(Stored data)
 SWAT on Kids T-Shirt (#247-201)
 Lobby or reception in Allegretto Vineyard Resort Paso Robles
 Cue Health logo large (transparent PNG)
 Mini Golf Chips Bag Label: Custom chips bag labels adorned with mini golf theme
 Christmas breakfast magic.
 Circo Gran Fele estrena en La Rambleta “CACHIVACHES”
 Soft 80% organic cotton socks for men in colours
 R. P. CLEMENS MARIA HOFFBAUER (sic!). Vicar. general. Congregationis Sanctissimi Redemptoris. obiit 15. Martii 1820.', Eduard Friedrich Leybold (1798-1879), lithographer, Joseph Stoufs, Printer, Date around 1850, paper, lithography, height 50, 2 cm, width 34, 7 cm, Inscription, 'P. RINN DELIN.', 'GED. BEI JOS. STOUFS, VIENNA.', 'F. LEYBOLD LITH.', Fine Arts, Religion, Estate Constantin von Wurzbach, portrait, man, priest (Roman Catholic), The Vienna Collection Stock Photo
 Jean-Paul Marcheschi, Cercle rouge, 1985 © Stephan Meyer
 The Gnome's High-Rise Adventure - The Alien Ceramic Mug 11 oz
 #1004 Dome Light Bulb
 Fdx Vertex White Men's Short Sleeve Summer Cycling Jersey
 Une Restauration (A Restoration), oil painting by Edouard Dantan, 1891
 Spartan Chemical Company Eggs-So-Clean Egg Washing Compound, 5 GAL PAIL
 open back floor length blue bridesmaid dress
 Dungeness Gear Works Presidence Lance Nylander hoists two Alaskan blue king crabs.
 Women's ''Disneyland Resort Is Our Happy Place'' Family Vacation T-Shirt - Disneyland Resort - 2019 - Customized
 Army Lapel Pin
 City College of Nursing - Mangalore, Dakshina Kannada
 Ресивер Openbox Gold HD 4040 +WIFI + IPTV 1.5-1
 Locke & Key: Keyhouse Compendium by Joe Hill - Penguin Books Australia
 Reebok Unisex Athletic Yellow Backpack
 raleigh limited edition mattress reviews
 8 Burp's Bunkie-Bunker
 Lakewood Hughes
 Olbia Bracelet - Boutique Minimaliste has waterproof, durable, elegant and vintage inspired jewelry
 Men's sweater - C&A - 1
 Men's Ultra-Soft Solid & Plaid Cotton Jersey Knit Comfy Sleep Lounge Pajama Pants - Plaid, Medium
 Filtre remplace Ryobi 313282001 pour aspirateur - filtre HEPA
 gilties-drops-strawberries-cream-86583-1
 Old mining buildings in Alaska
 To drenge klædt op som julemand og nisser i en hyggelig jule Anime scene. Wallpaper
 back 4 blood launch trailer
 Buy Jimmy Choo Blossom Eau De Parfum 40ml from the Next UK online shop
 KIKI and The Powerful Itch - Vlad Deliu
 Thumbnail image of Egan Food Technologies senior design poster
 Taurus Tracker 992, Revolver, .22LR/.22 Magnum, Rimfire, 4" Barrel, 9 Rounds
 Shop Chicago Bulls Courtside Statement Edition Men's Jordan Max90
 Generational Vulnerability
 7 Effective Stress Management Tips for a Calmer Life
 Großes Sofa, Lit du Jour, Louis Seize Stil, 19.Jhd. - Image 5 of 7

Problem —
Set down again, word for word, the stretch of records from the line with "Cue Health logo large (transparent PNG)" to the line with "Men's sweater - C&A - 1", both of those lines included.

Solution for this problem —
 Cue Health logo large (transparent PNG)
 Mini Golf Chips Bag Label: Custom chips bag labels adorned with mini golf theme
 Christmas breakfast magic.
 Circo Gran Fele estrena en La Rambleta “CACHIVACHES”
 Soft 80% organic cotton socks for men in colours
 R. P. CLEMENS MARIA HOFFBAUER (sic!). Vicar. general. Congregationis Sanctissimi Redemptoris. obiit 15. Martii 1820.', Eduard Friedrich Leybold (1798-1879), lithographer, Joseph Stoufs, Printer, Date around 1850, paper, lithography, height 50, 2 cm, width 34, 7 cm, Inscription, 'P. RINN DELIN.', 'GED. BEI JOS. STOUFS, VIENNA.', 'F. LEYBOLD LITH.', Fine Arts, Religion, Estate Constantin von Wurzbach, portrait, man, priest (Roman Catholic), The Vienna Collection Stock Photo
 Jean-Paul Marcheschi, Cercle rouge, 1985 © Stephan Meyer
 The Gnome's High-Rise Adventure - The Alien Ceramic Mug 11 oz
 #1004 Dome Light Bulb
 Fdx Vertex White Men's Short Sleeve Summer Cycling Jersey
 Une Restauration (A Restoration), oil painting by Edouard Dantan, 1891
 Spartan Chemical Company Eggs-So-Clean Egg Washing Compound, 5 GAL PAIL
 open back floor length blue bridesmaid dress
 Dungeness Gear Works Presidence Lance Nylander hoists two Alaskan blue king crabs.
 Women's ''Disneyland Resort Is Our Happy Place'' Family Vacation T-Shirt - Disneyland Resort - 2019 - Customized
 Army Lapel Pin
 City College of Nursing - Mangalore, Dakshina Kannada
 Ресивер Openbox Gold HD 4040 +WIFI + IPTV 1.5-1
 Locke & Key: Keyhouse Compendium by Joe Hill - Penguin Books Australia
 Reebok Unisex Athletic Yellow Backpack
 raleigh limited edition mattress reviews
 8 Burp's Bunkie-Bunker
 Lakewood Hughes
 Olbia Bracelet - Boutique Minimaliste has waterproof, durable, elegant and vintage inspired jewelry
 Men's sweater - C&A - 1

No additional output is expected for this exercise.